Friday, July 30, 2010

Where Do Rangel's Constituents Sit On His Massive Ethics Mess?

Do Charles Rangel's constituents think that Rangel should be booted from office over his 13-count ethics indictment in the House? While some reports seem to think that this doesn't sit well with his constituents, reporters were busy asking his constituents this morning and not all of them were calling for Rangel to step down.

Indeed, some were saying that this was a witch hunt to go after Rangel after 40 years of service and that this was politics. They cited his work for the district and all the good things he's done.

The myopia is astounding, but not unexpected. After all, when people are polled about Congress, they generally give Congress generically awful marks, but rank their own member quite well. Rangel is no exception to that rule.
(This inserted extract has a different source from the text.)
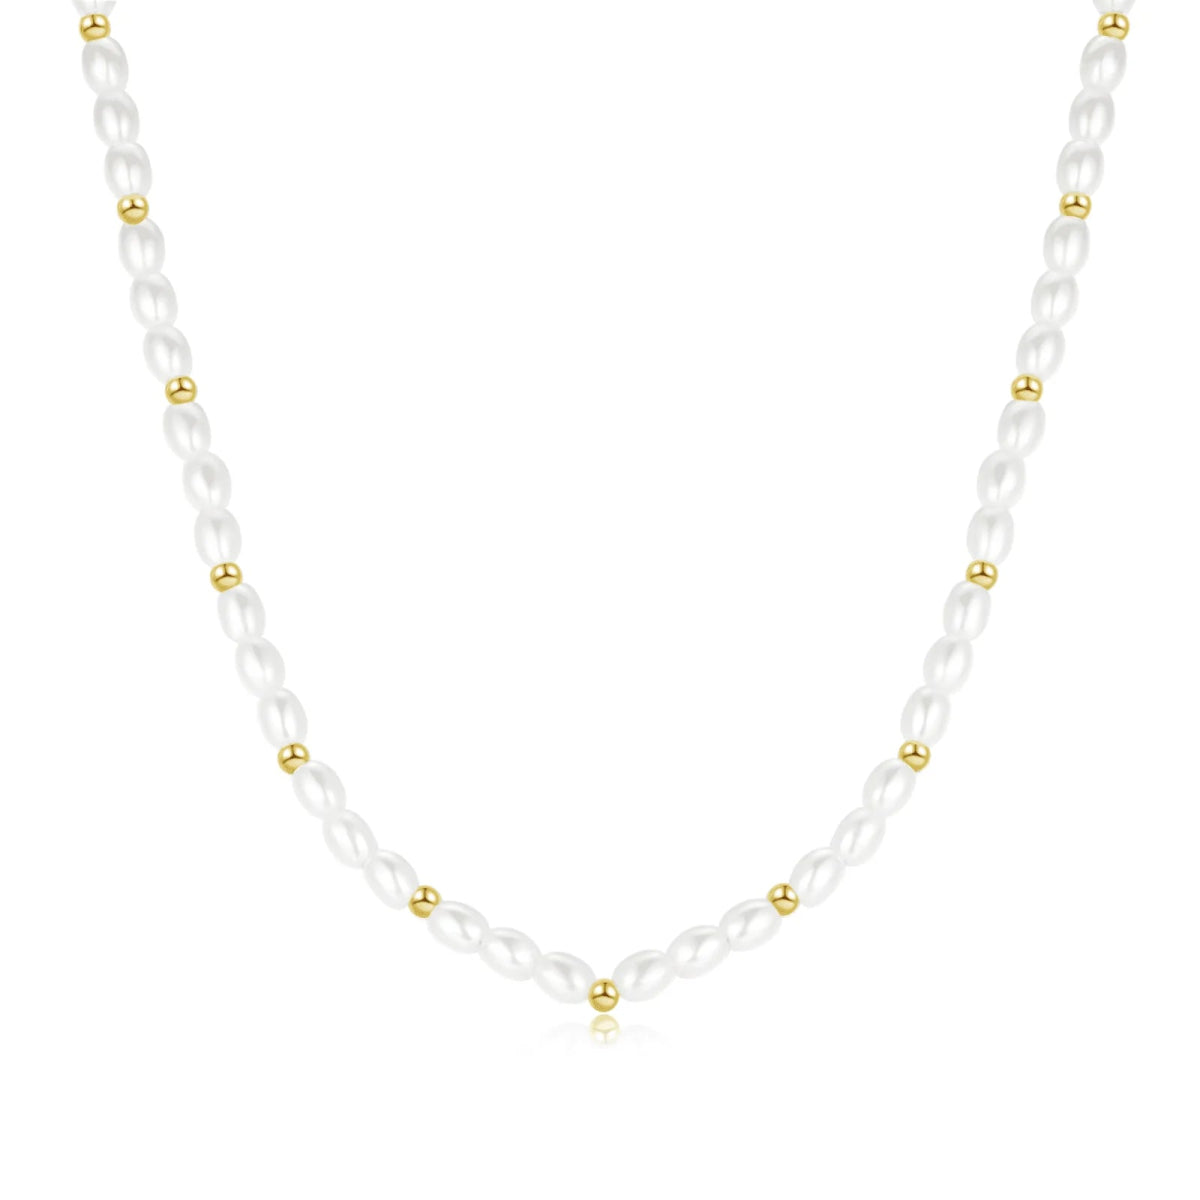 "Nuka" Necklace - Milas Jewels Shop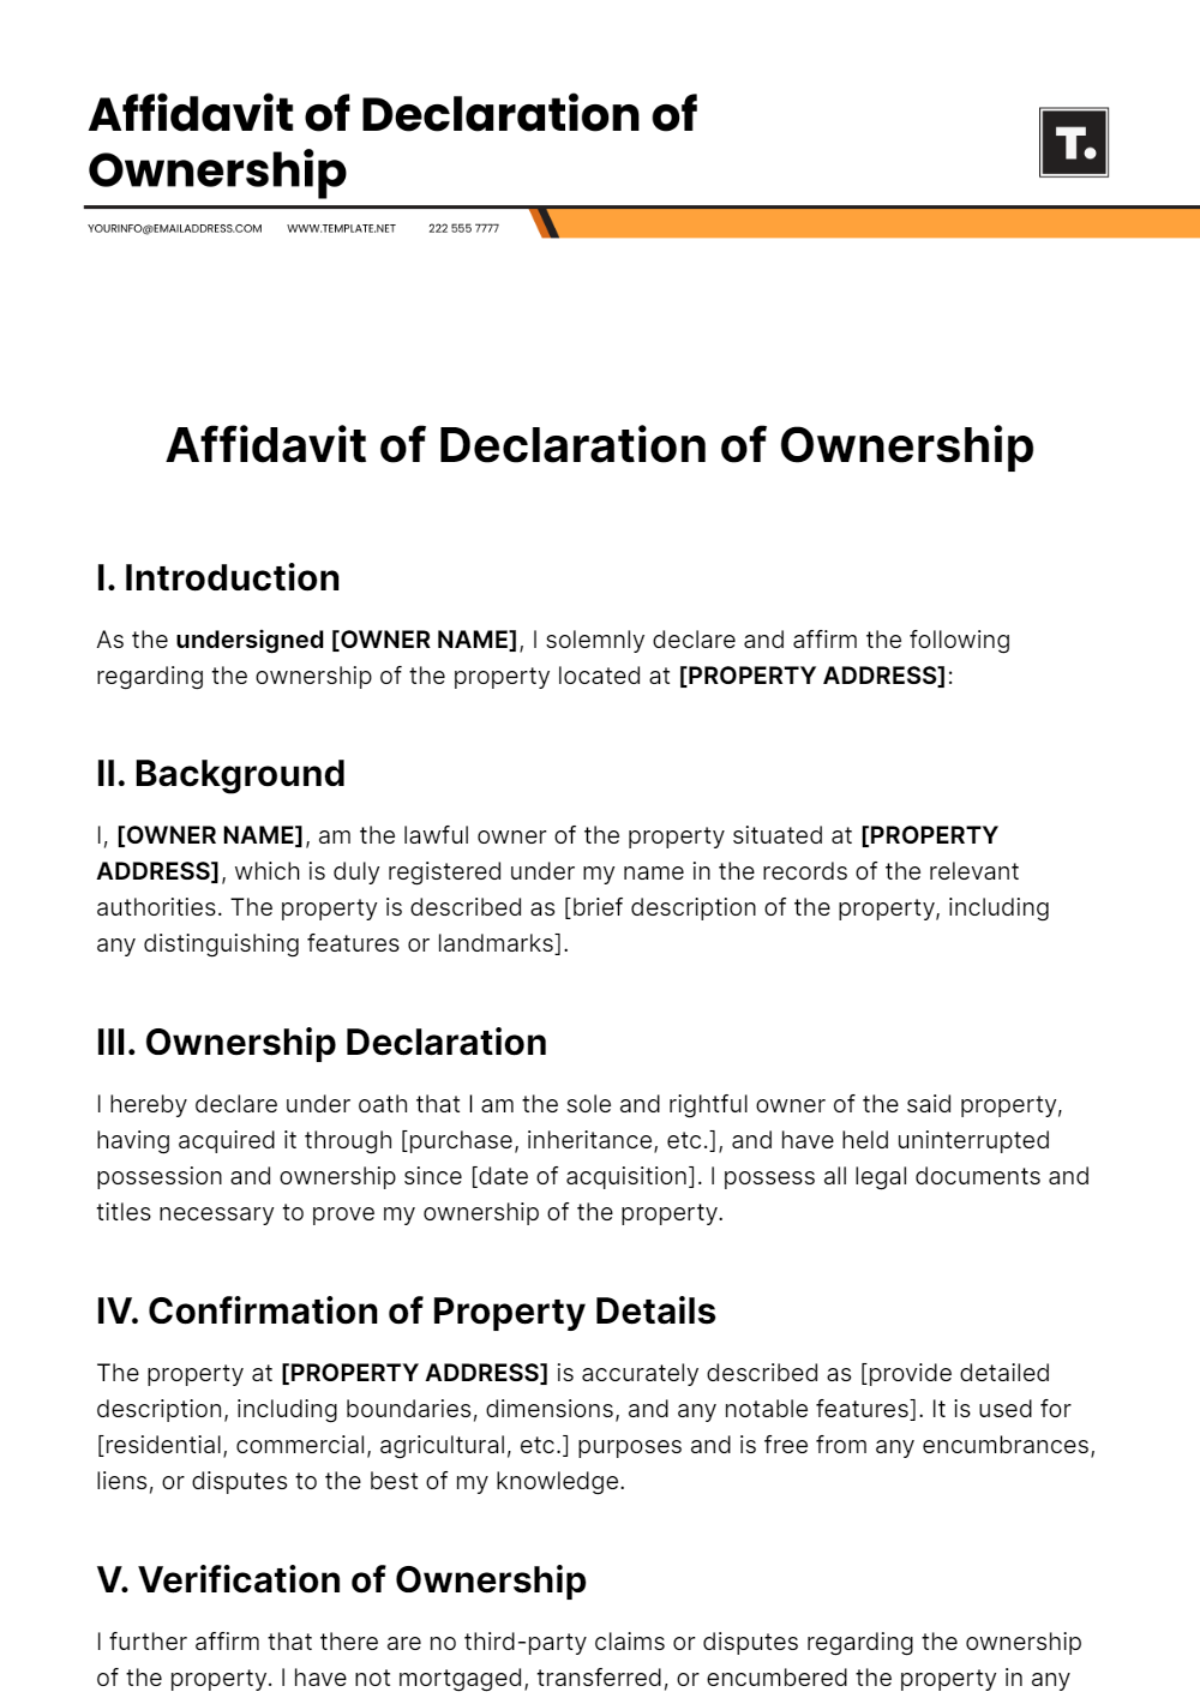 Free Affidavit of Declaration of Ownership Template

In fact, I've remarked on numerous occasions during this entire affair that while it will hurt Rangel's fellow Democrats, Rangel may well be reelected without much of a problem.

Rangel was reelected handily in 2008 despite the news of his tax evasion, rent stabilization mess, and other legal and ethics woes coming to light during the summer of 2008. If his constituents didn't boot him then, what makes anyone think that they're going to do so now?

It may well take a perp-walk to send Rangel packing if Congress doesn't first expel him and Congressional Democrats are loath to do so. They've been dragging their feet for nearly two years in resisting calls for investigations and for Rangel to step down as chair of Ways and Means. Yet, the weight of evidence against Rangel is such that it can no longer be avoided and the timing couldn't be better.

Everyone should get what they deserve over coddling corruption, graft, and unethical behavior.

Here's a full breakdown of the House ethics panel's findings.

Despite the finding that Rangel evaded his tax obligations for more than a decade (from 1998 until the present), Democrats on the panel think that his actions deserve a slap on the wrist: they are recommending a reprimand. Reprimand is the lowest of three possible outcomes - explusion would have been the worst, and a censure would have been an intermediate step.

That the panel's Democrats can't see that this case warrants the most serious punishment is outrageous. After all, if anyone systematically avoided their tax obligations for a decade, they would be looking at jail time. Combine the tax woes with the multitude of other ethical and legal woes, and expulsion should have been the only possible outcome.